光善寺の近くに大きな農業用貯水池がある。梅ノ木
この辺りは長い間水害に悩まされてきたのに、農業用水の確保のために貯水池が必要になるというのが不思議な感じがする。ただ、川島町の用水の主水源である都幾川は渇水しやすいという話を聞いたので、こうした貯水池が必要になるのだろう。
水害といえば、2019年の台風19号では新江川と市野川の合流点で破堤し一帯が水没、大動脈である国道254が通行止めになるほどの大洪水を引き起こした。
国土地理院の地形図を見ると、このとき冠水した地域にはほとんど建物がないことがわかる。最も低いのは梅ノ木古凍貯水池の辺りで、実際、貯水池の揚水機場が水没するという被害が出ている。
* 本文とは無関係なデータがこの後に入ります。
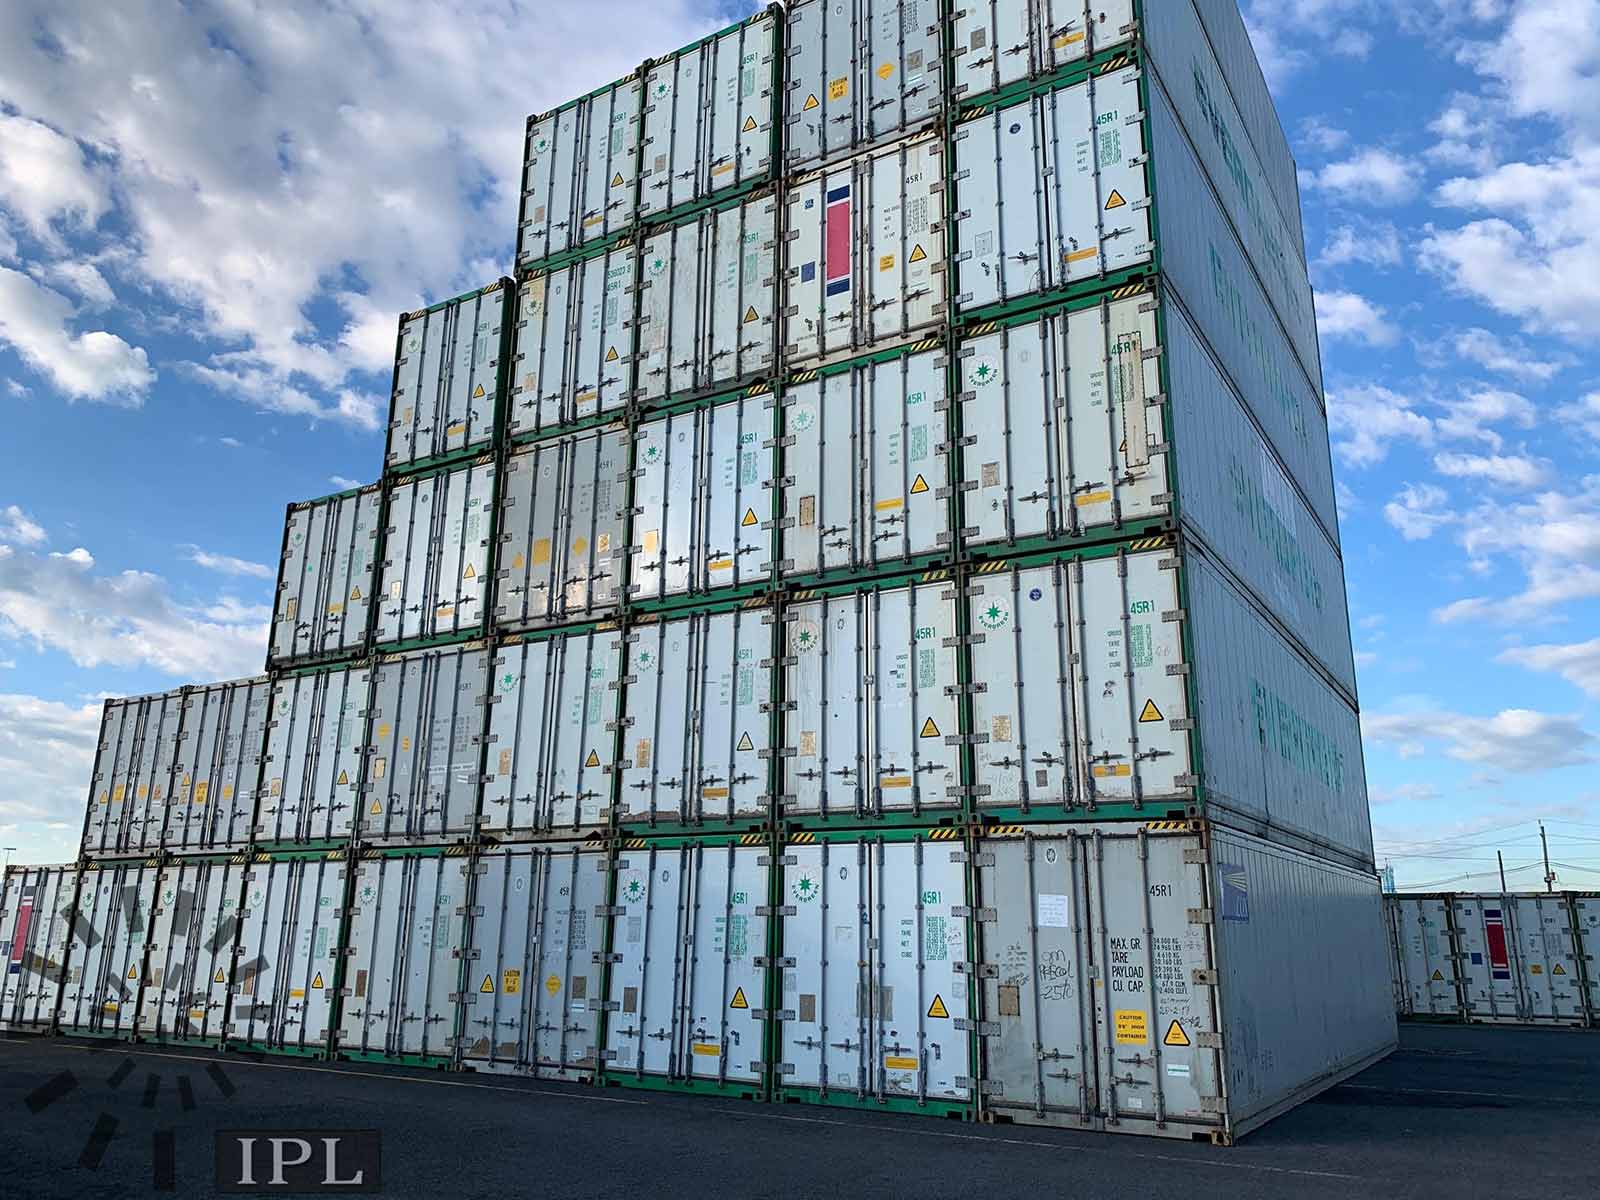 Refrigerated shipping containers

一方で南側には長楽堤という堤防があってそこで浸水は止まっている。
この堤防は河川堤防が破堤して堤内地に水が浸入したときに、堤内地全体に被害が及ばないように食い止める堤防である。これを「控え堤」という。
長楽堤は江戸前期に構築された控え堤だ。
川島町と吉見町には大囲堤という大規模な輪中堤防が構築されていて、長楽堤もその一部である。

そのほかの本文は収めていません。